Terminó de repostar, colgó la manguera y el dinero siguió subiendo: el surtidor no dejó de cobrar
Si ya los precios del gasoil y de la gasolina ya están por las nubes, imaginaos que siguiera subiendo incluso después de haber dejado de llenar el depósito del coche, algo que le ha pasado a un cliente de una gasolinera al noroeste de Los Ángeles.

Normalmente, solemos tener unos problemas determinados a la hora de repostar combustible. Desde marzo de este año, el principal es el precio, algo que hemos notado todos en nuestros bolsillos y, por lo que parece, seguirá pasando en el futuro. Eso es algo que duele, en principio, hasta que dejamos la manguera colgada en su surtidor correspondiente (se supone).
El otro es que tengamos el problema de que no sale combustible de dicha manguera. Muchas veces se debe a haber colocado la manguera en una posición demasiado profunda, aunque en otros casos se debe a que sale a tanta presión que es demasiado para lo que admite el coche, de manera que no le da tiempo a los vapores a salir, de manera que se forma un vacío dentro del tubo y, al detectar esto, el sistema de repostaje detiene el flujo del combustible que viaja hacia el depósito.

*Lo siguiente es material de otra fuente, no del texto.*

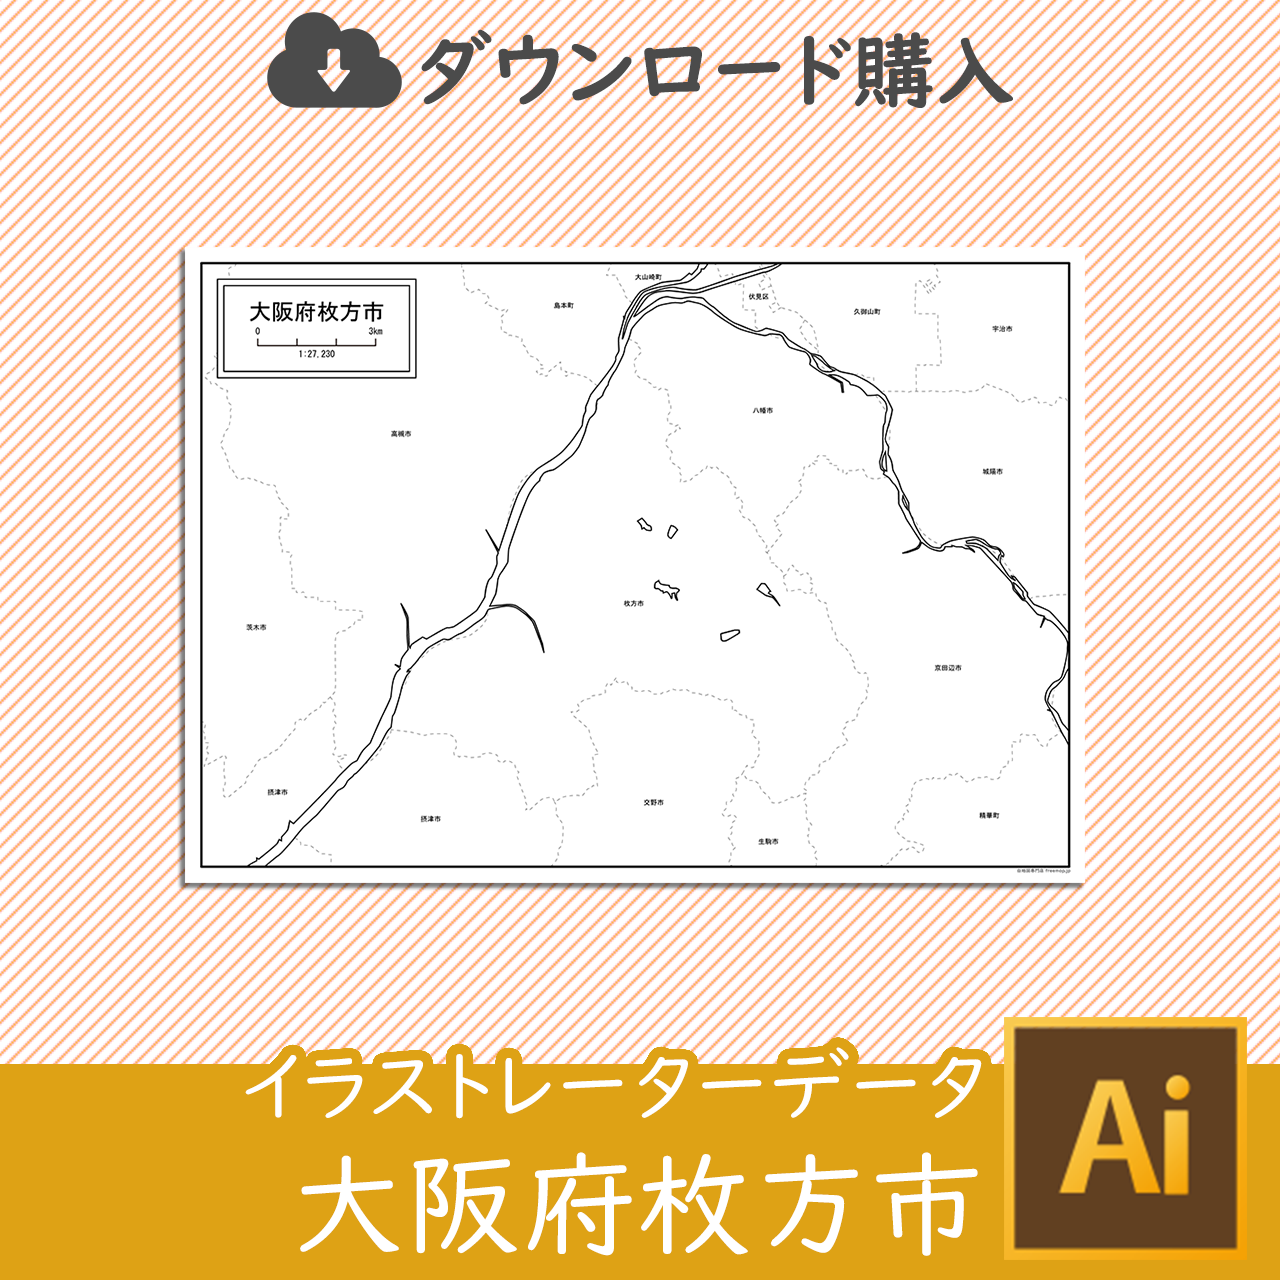 枚方市のaiデータのサムネイル画像

Una gasolina en Estados Unidos decide no parar de contar la gasolina
En ocasiones, sucede exactamente lo contrario. En una de las múltiples estaciones de ARCO (una cadena de gasolineras estadounidense) en Northridge, este pasado fin de semana, a un conductor le pasó algo de lo más extraño. Pudo repostar con total calma con su vehículo, rellenar el depósito y colgar la manguera, como es habitual.
Frente a otras alternativas como Costco o Mobil, ARCO es de media la opción más low cost en esa parte de Estados Unidos. Mientras que en otras gasolineras la media es de 5,29 dólares el galón para gasolina convencional (el equivalente a 1,2 €/l de combustible), en ARCO la media se sitúa en estos momentos en unos 4,89 dólares el galón - es decir, unos 1,11 €/l aproximadamente.

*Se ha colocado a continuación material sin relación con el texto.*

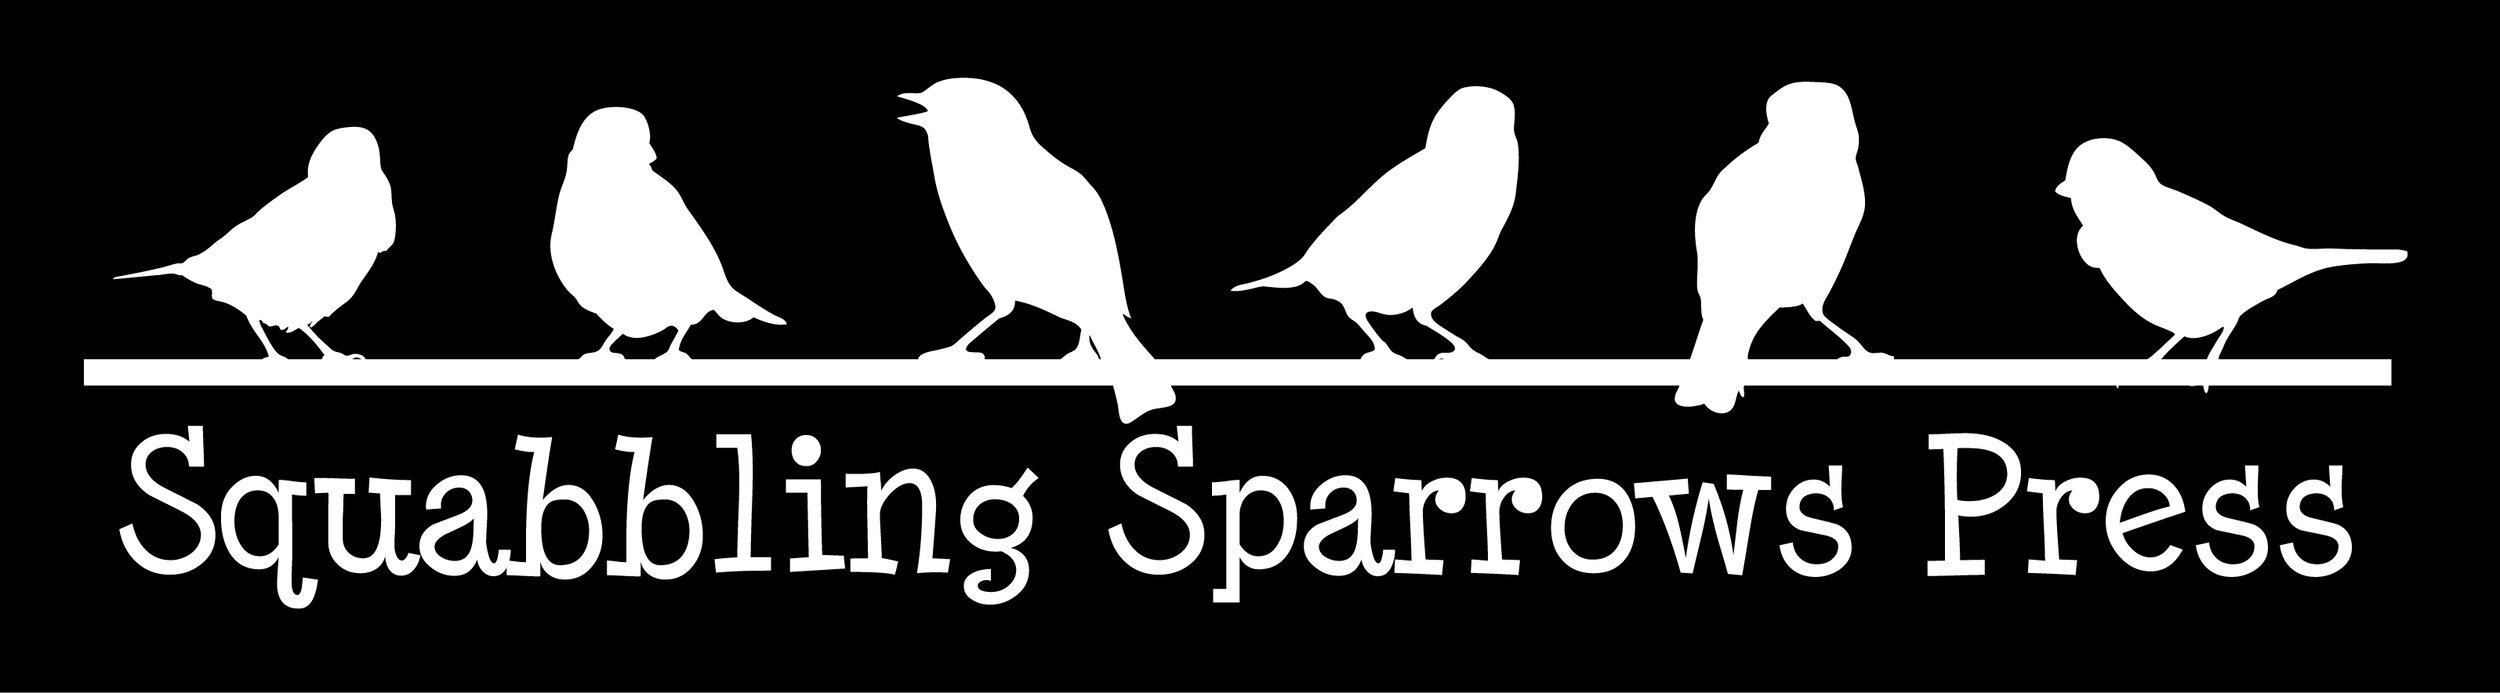 Squabbling Sparrows Press

El surtidor no paró, ni tampoco el contador del importe
Ahora bien, en esta gasolinera ubicada al noroeste de Los Ángeles pasó algo de lo más extraño: el contador del importe continuó subiendo sin parar al mismo ritmo, incluso después de que hubiera dejado de apretar el gatillo de la manguera e incluso con la manguera ya colgada y apagada. Este cliente no dudó en sacar el móvil y grabar lo que estaba ocurriendo con ese surtidor.

Al ver desde el interior del recinto la situación, un empleado intervino para ver lo que estaba sucediendo y comprobar que, en efecto, ya no estaba repostando pero el contador seguía subiendo poco a poco. Seguía mostrando como si estuviera echando galones de combustible, así como su precio correspondiente - en este caso, este tipo de gasolineras sólo funciona con prepago, de modo que este cliente ya había abonado la cantidad que iba a repostar (y de hecho ya había repostado).
Todo quedó en un susto (para la cartera)
La reacción del empleado de ARCO fue la de ofrecer una devolución por las molestias, si bien se elevó una queja y toda la gasolinera al completo fue investigada inmediatamente después de lo sucedido, según el condado de Los Ángeles. Pocos días después de este susto, las autoridades confirman que el surtidor ya está funcionando como es debido.
Una situación también poco habitual, pero no por ello imposible, es que la manguera siga echando combustible incluso después de parar, con el peligro de llenar más de lo deseado el depósito. En esos casos, las mangueras cuentan con un mecanismo interno, o bien se paran al volver a colocarlas en su lugar en el surtidor. En caso de emergencia, también suele haber un botón de Stop situado cerca de los pilares de soporte.